Three principles for data science: predictability, stability, and computability

Berkeley Distinguished Lectures in Data Science

In this talk, I'd like to discuss the intertwining importance and connections of three principles of data science in the title in data-driven decisions. Making prediction as its central task and embracing computation as its core, machine learning has enabled wide-ranging data-driven successes. Prediction is a useful way to check with reality. Good prediction implicitly assumes stability between past and future. Stability (relative to data and model perturbations) is also a minimum requirement for interpretability and reproducibility of data driven results (cf. Yu, 2013). It is closely related to uncertainty assessment. Obviously, both prediction and stability principles can not be employed without feasible computational algorithms, hence the importance of computability. 

The three principles will be demonstrated in the context of two neuroscience collaborative projects with the Gallant Lab and through analytical connections. In particular, the first project adds stability to predictive modeling used for reconstruction of movies from fMRI brain signlas to gain interpretability of the predictive model.  The second project uses predictive transfer learning that combines AlexNet, GoogleNet and VGG with single V4 neuron data for state-of-the-art prediction performance. Moreover, it provides stable function characterization of neurons via (manifold) deep dream images from the predictive models in the difficult primate visual cortex V4.  Our V4 results lend support, to a certain extent, to the resemblance of these CNNs to a primate brain.

The Berkeley Distinguished Lectures in Data Science, co-hosted by the Berkeley Institute for Data Science (BIDS) and the Berkeley Division of Data Sciences, features faculty doing visionary research that illustrates the character of the ongoing data, computational, inferential revolution.  In this inaugural Fall 2017 "local edition," we bring forward Berkeley faculty working in these areas as part of enriching the active connections among colleagues campus-wide.  All campus community members are welcome and encouraged to attend.  Arrive at 3:30pm for tea, coffee, and discussion.

Speaker(s)

Bin Yu

Chancellor’s Professor, Statistics Department

Bin Yu is Chancellor’s Professor in the Departments of Statistics and of Electrical Engineering & Computer Science at the University of California at Berkeley and a former Chair of Statistics at Berkeley. She is founding co-director of the Microsoft Joint Lab at Peking University on Statistics and Information Technology. Her group at Berkeley is engaged in interdisciplinary research with scientists from genomics, neuroscience, and medicine. In order to solve data problems in these domain areas, her group employs quantitative critical thinking and develops statistical and machine learning algorithms and theory. She has published more than 100 scientific papers in premier journals in statistics, machine learning, information theory, signal processing, remote sensing, neuroscience, genomics, and networks.

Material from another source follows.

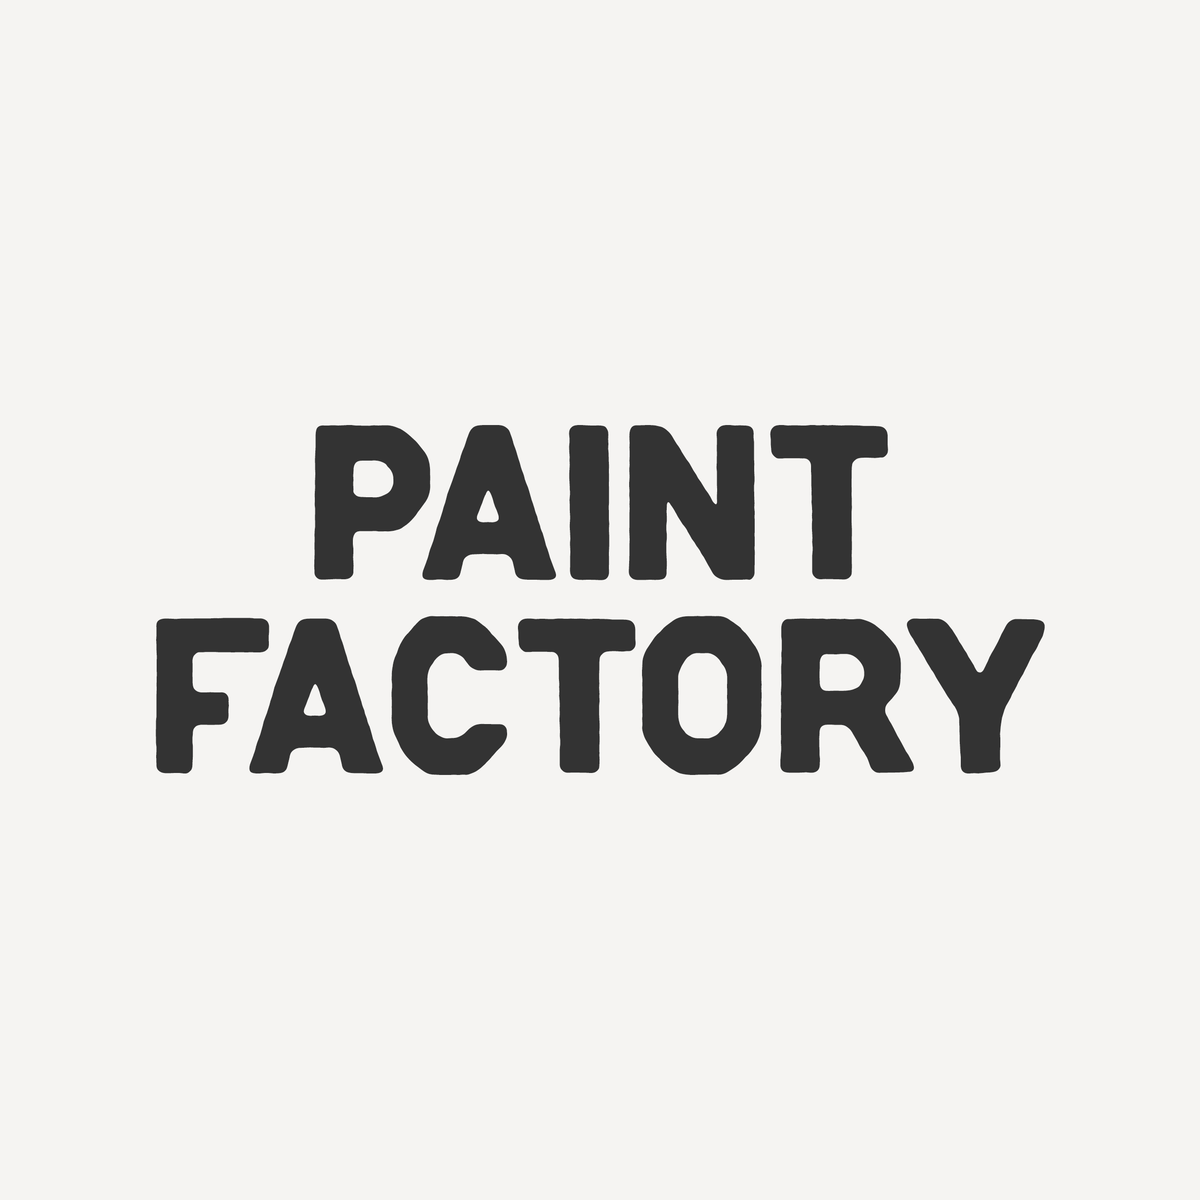 Paint Factory

She is a member of the U.S. National Academy of Sciences and fellow of the American Academy of Arts and Sciences. She was a Guggenheim Fellow in 2006, an invited speaker at ICIAM in 2011, the Tukey Memorial Lecturer of the Bernoulli Society in 2012, and an invited speaker at the Rietz Lecture of Institute of Mathematical Statistics (IMS) in 2016. She was IMS president in 2013–2014, and she is a fellow of IMS, ASA, AAAS, and IEEE. She has served or is serving on leadership committees of NAS-BMSA, SAMSI, IPAM, and ICERM and on editorial boards for the Journal of Machine Learning, Annals of Statistics, and Annual Review of Statistics.